Meet the Bothams: Three generations, three sports

James Botham — former England all-rounder Ian's grandson — earned a call-up for Wales rugby team, becoming the third in the family to have played at an elite level

Having a famous sporting surname can be a daunting prospect for some, but James Botham clearly isn’t fazed. On Tuesday, the Cardiff Blues flanker earned his maiden call-up to the Wales rugby squad ahead of the weekend’s Autumn’s Nations Cup. James is the grandson of former England cricketing legend Ian and son of Liam, an ex-Cardiff winger. The 22-year-old’s elevation is a glowing testament to the legacy of the Bothams – a family whose three generations have played sport at the elite level.

Ian Botham, the cricketer

From 1977 — when he made his international debut against Australia at Trent Bridge — to 1986, Ian Botham was arguably one of the finest all-rounders in world cricket. Injuries and a drastic dip in form may have curtailed his prowess towards the end of his career, but having featured in 102 Tests, he is still considered to be one of England’s finest cricketers. For someone, who could hardly put a foot wrong on the cricket field, it’s scarcely believable that at one stage, he was confused between becoming a cricketer and a footballer. That’s because between taking wickets and scoring hundreds for Somerset, a young Ian was also making waves playing league football for Scunthorpe. Ultimately, it was on his father’s advice that he dropped the idea of pursuing football as a career.

Liam: Cricketer, rugby player and a footballer

When asked about his 6-year-old son Liam’s sporting ambitions, father Ian had famously quipped: “A cheeky bugger who reckons he is going to be better than his old man.” Since then, there was little doubt about his career trajectory. In fact, for a fleeting moment, it looked like Liam would surpass his illustrious father’s feats on the cricket field. On his first-class debut as an 18-year-old medium-pacer for Hampshire, he would go on to pick five wickets, including that of former England captain and his father’s team-mate Mike Gatting. Surprisingly, Liam quickly realised that cricket was not his calling. In 1997, at the age of 20, he signed up for Rugby Union club West Hartlepool, where he played as a fullback. Three years later, he shifted base to Cardiff to play for Cardiff RFC, a team that incidentally would be the predecessors to the Blues.
Disillusioned by the Rugby Union, Liam shifted his allegiance to the Rugby League in 2003, when he inked a dual-code contract with the Leeds Rhinos. Ultimately, at the age of 28, a neck injury ended Liam’s career. From a cricketer to a Rugby Union player to Rugby League footballer, Liam dabbled in three diverse sporting disciplines.

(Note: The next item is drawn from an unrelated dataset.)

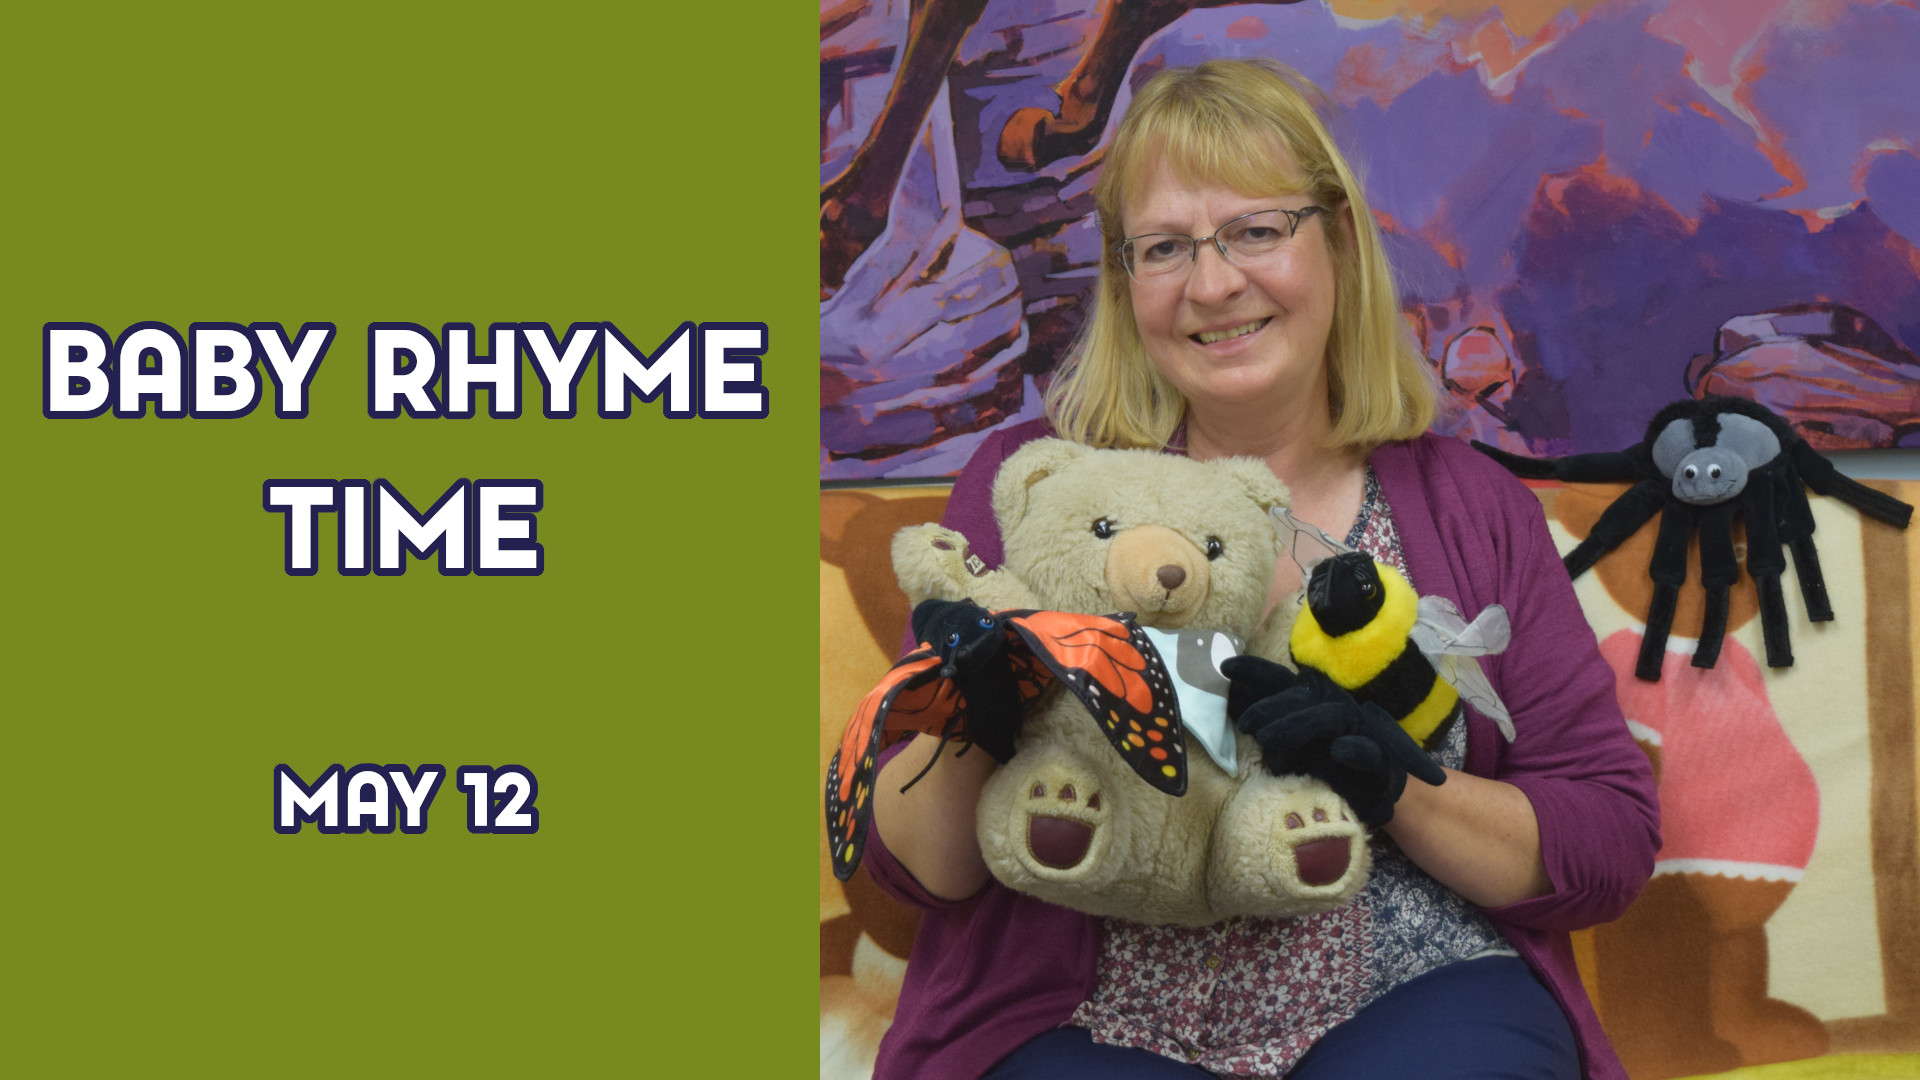 A woman holds stuffed animals next to the text "Baby Rhyme Time May 12"
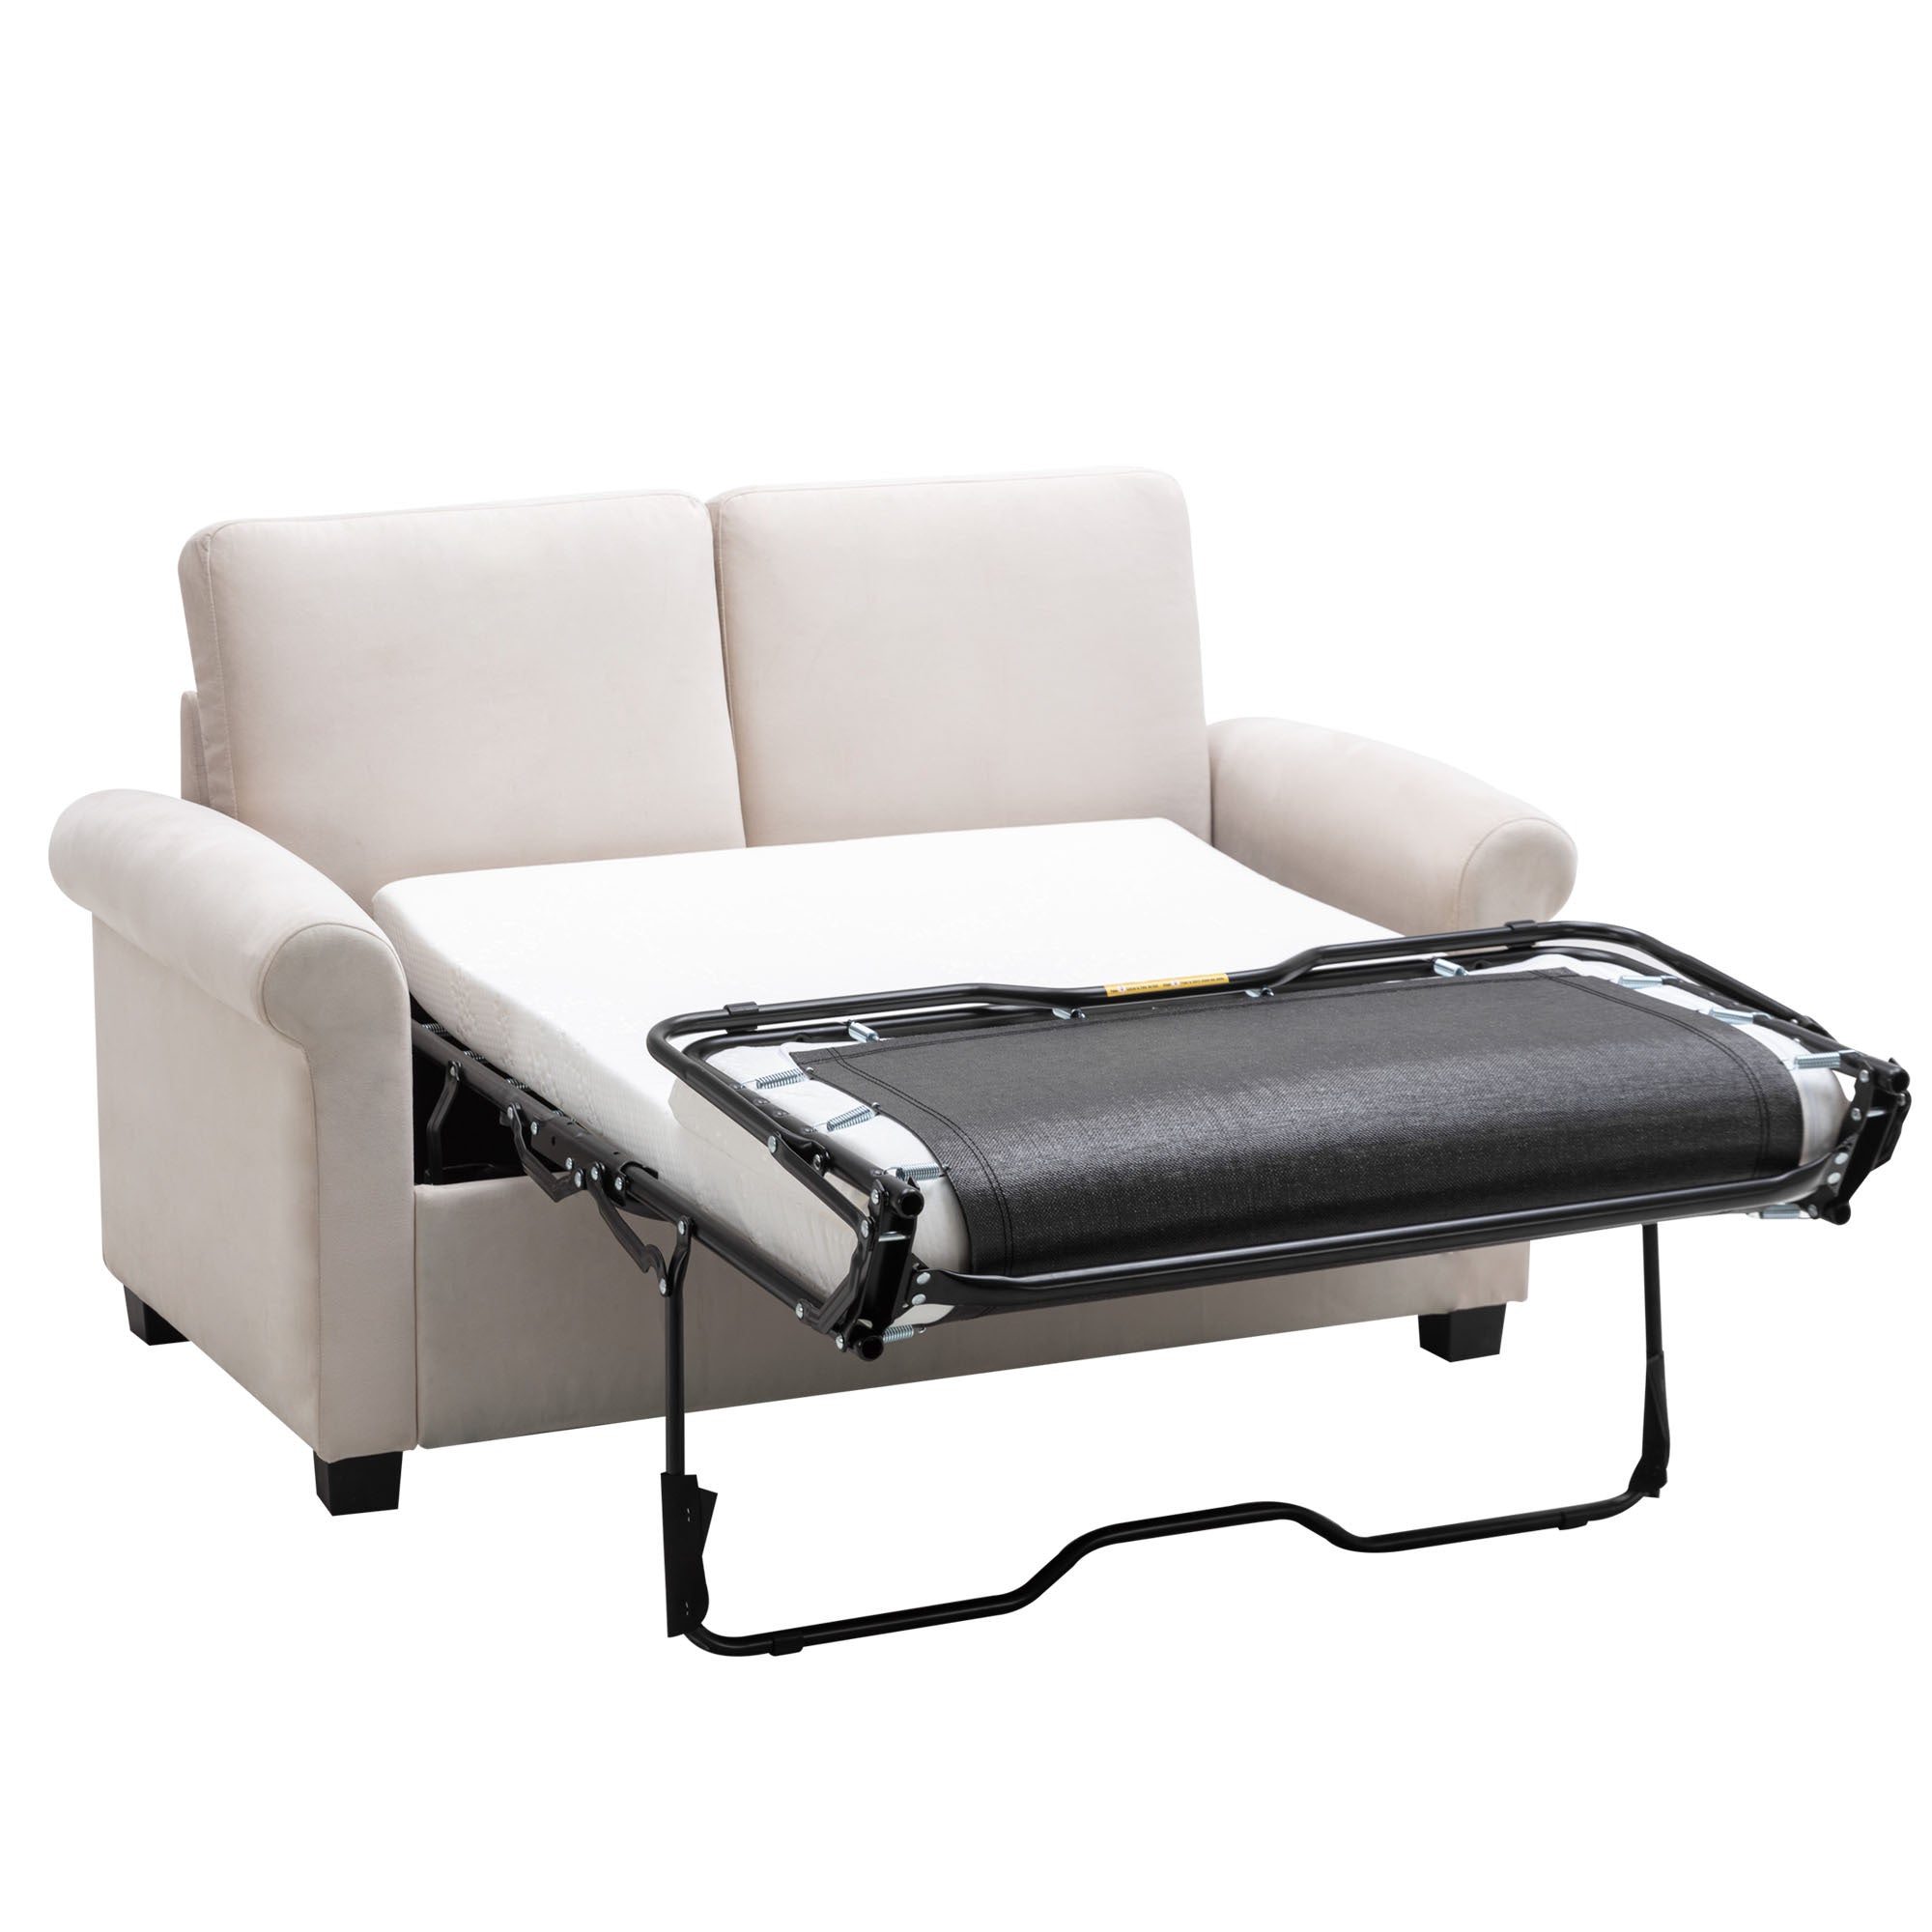 58.3" Pull Out Sofa Bed,Sleeper Sofa Bed with Premium white-foam-velvet

James, the Welsh rugby player

Father Liam’s days as a Cardiff winger meant James would crisscross between the Welsh capital and Caerleon during his childhood. This not only strengthened his resolve to choose rugby as a career, but it would also play a key role in strengthening the love for his Welsh roots. It’s something that his grandfather would attest. “I remember my wife Kath decorating a bedroom at home for Jimbo (James) when he was little…it had to be red, have three feathers and we would have some rugby posts in a barn that we had. He’s always said that he’s Welsh,” Ian Botham had told Wales Online.

In an interview with The Guardian, Ian would remark about his grandson: “He has the same single-mindedness and determination that I had.” Little wonder then that with all this talent, family legacy and dollops of determination, James has seamlessly graduated through the ranks to earn a call-up to the Wales rugby squad.